2026-06-23 repo-side implementation:

  • Added examples/ops-warden/production_registry_snapshot.json from the ops-warden generated production registry artifact.
  • Added Go coverage for production actor allows, IAM subject allow, ttl_out_of_bounds, unknown_actor_resource, production registry counts, and /healthz.
  • Published docs/ops-warden-registry-sync.md and cross-linked it from the handoff and examples docs.

Closeout note:

  • The OpenBao-backed smoke passed through ops-warden with the scoped warden-sign lane.
  • The policy.enabled flip is intentionally deferred by operator/maturity decision, not treated as an open repo-side blocker.
  • After workplan file changes, run make fix-consistency REPO=flex-auth from ~/state-hub to mirror these statuses into State Hub.

See Also

  • docs/ops-warden-policy-gate-handoff.md
  • docs/ops-warden-registry-sync.md
  • workplans/FLEX-WP-0006-ops-warden-ssh-signing-policy-gate.md
  • ~/ops-warden/wiki/PolicyGatedSigning.md
  • ~/ops-warden/workplans/WARDEN-WP-0009-flex-auth-policy-gate-production.md
  • ~/ops-warden/history/2026-06-23-flex-auth-production-pickup-suggestion.md

2026-06-24 operator tunnel update:

  • Built /tmp/flex-auth and started the production registry runtime on local 127.0.0.1:18090.
  • Added local ops-bridge tunnel flex-auth-coulombcore, forwarding CoulombCore 127.0.0.1:18090 to the local runtime.
  • Verified remote health from CoulombCore: GET /healthz returned HTTP 200.
  • Verified remote POST /v1/check from CoulombCore allowed agt-state-hub-bridge with decision:873c6c682a52bebc.
  • VAULT_TOKEN is absent, so OpenBao-backed smoke remains blocked on operator credential refresh.

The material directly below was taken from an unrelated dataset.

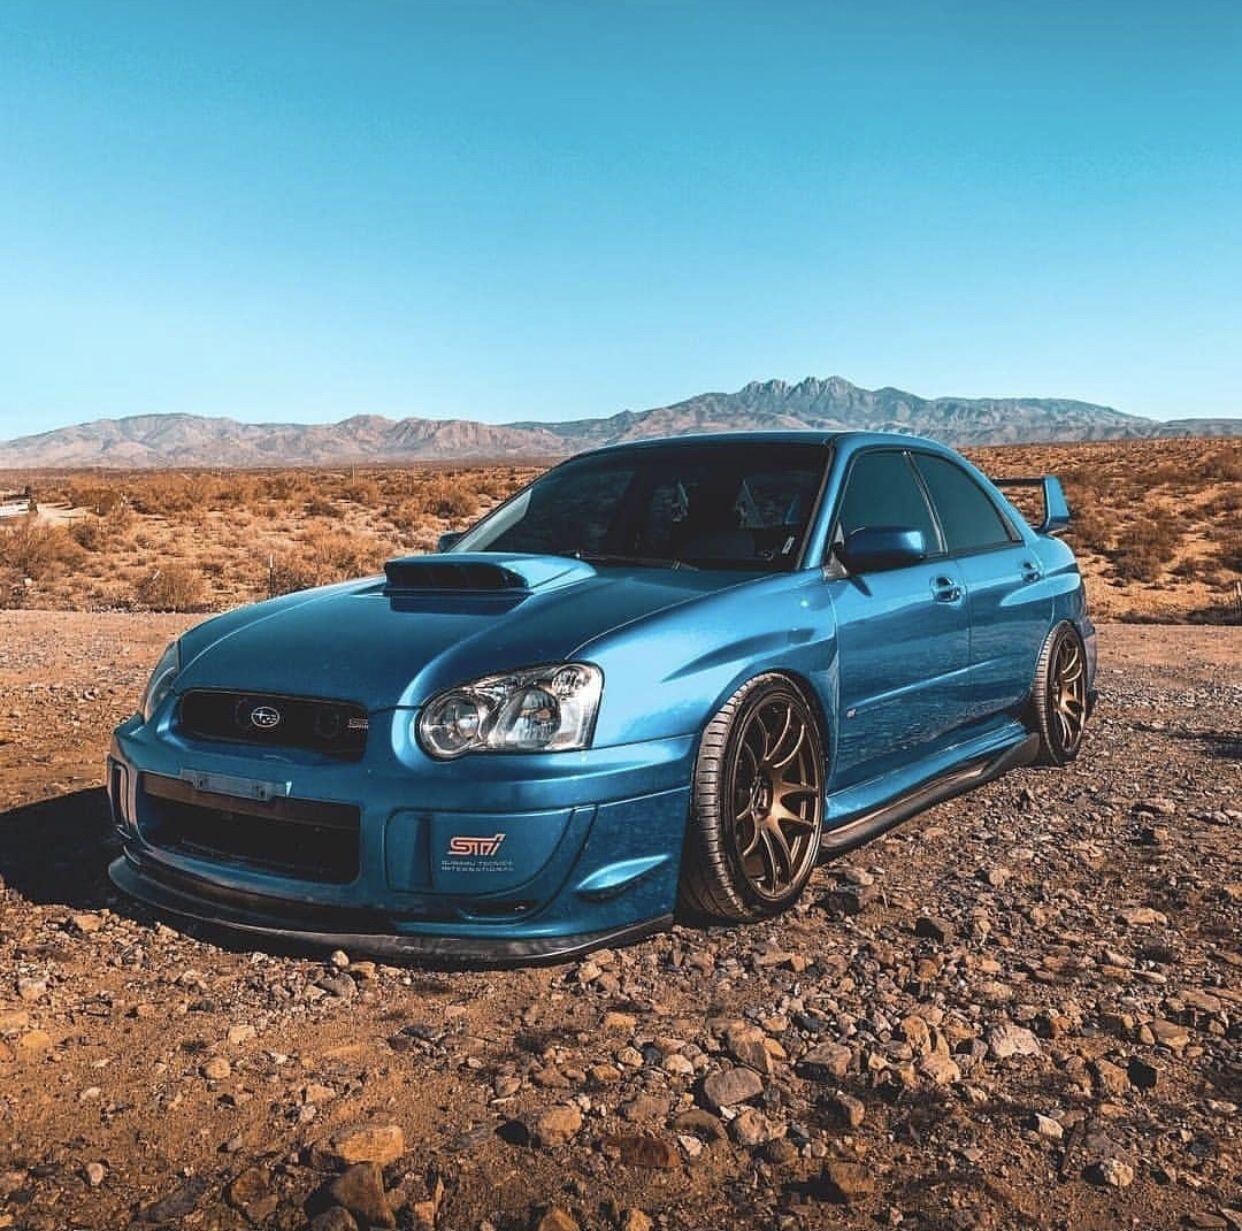 Pin By Joseph Cline On Subaru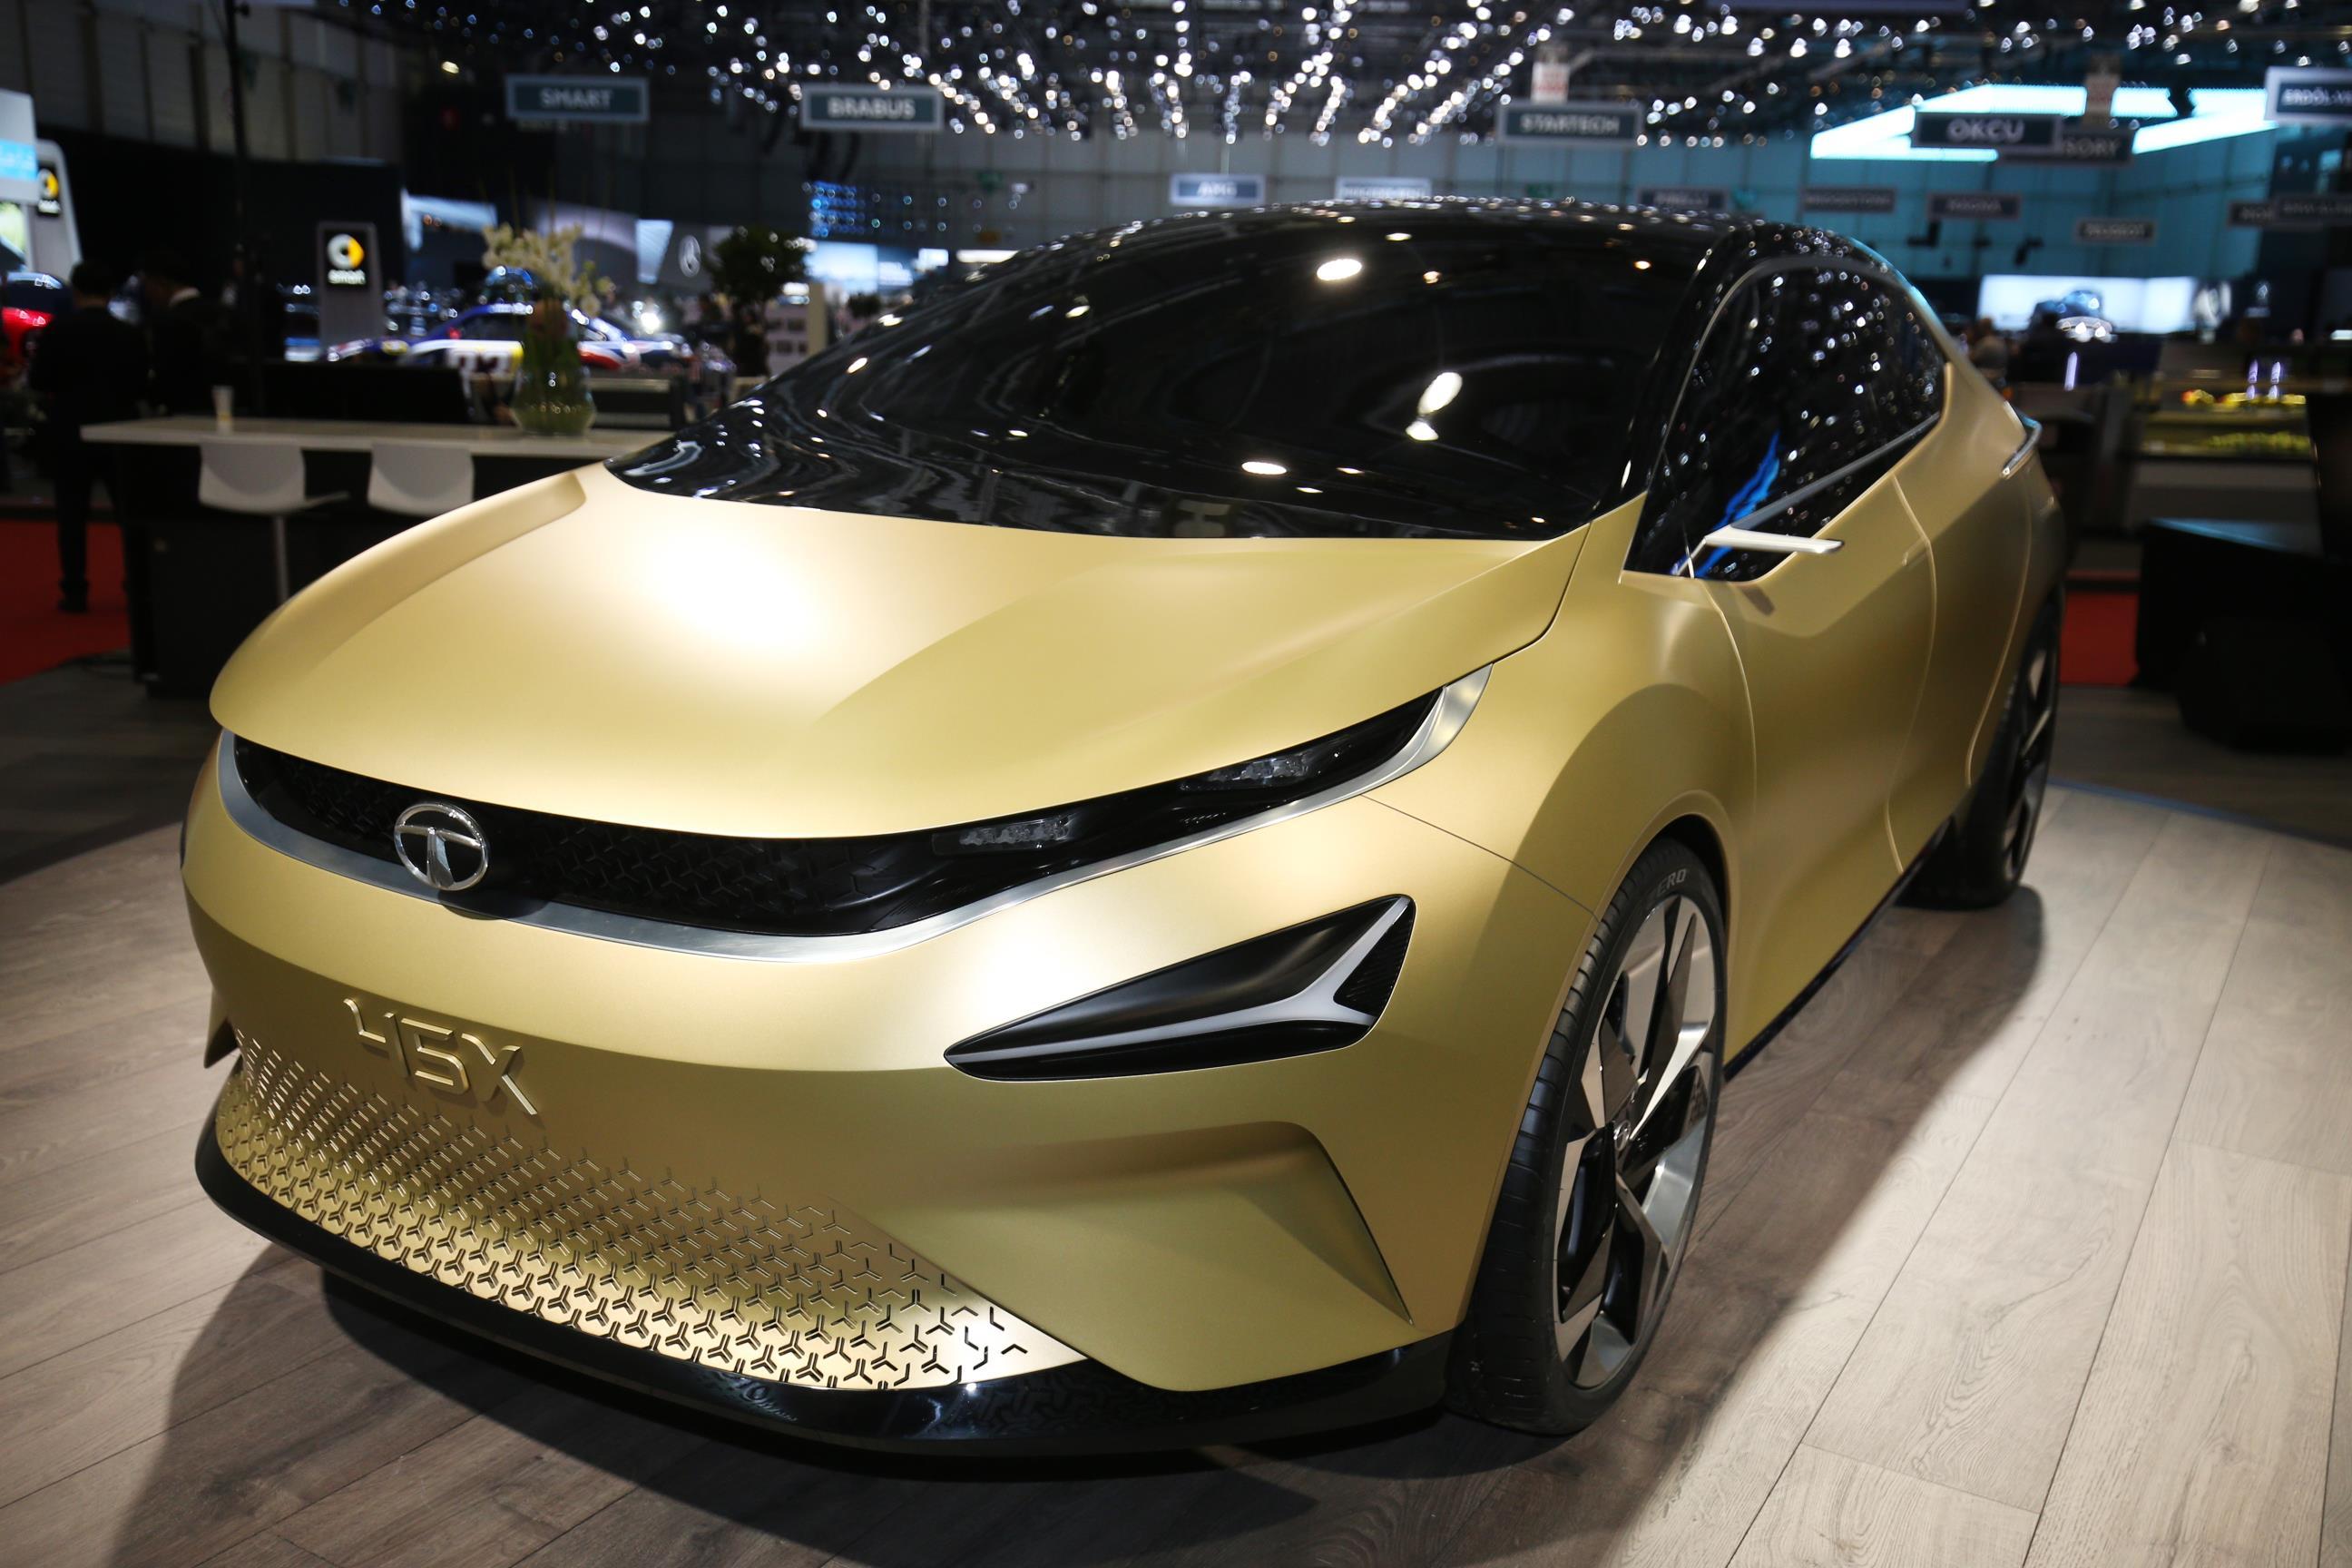 Geneva Motor Show 2018 Mega Gallery Part 2 (182)

2026-06-30 closeout from ops-warden smoke handoff:

  • Mode: FLEX_AUTH_EXTERNAL against deployed runtime 127.0.0.1:18090 via the CoulombCore operator path.
  • Allow: warden sign agt-state-hub-bridge returned policy_decision_id decision:032b096c433ad80c.
  • Deny: --ttl 999 was rejected with ttl_out_of_bounds before OpenBao signing.
  • Vault-backed allow: backend vault produced the same policy_decision_id through the scoped warden-sign OpenBao lane.
  • Operator decision: keep policy.enabled off during build-stage/pre-testing and flip it later when the ecosystem reaches the appropriate maturity posture.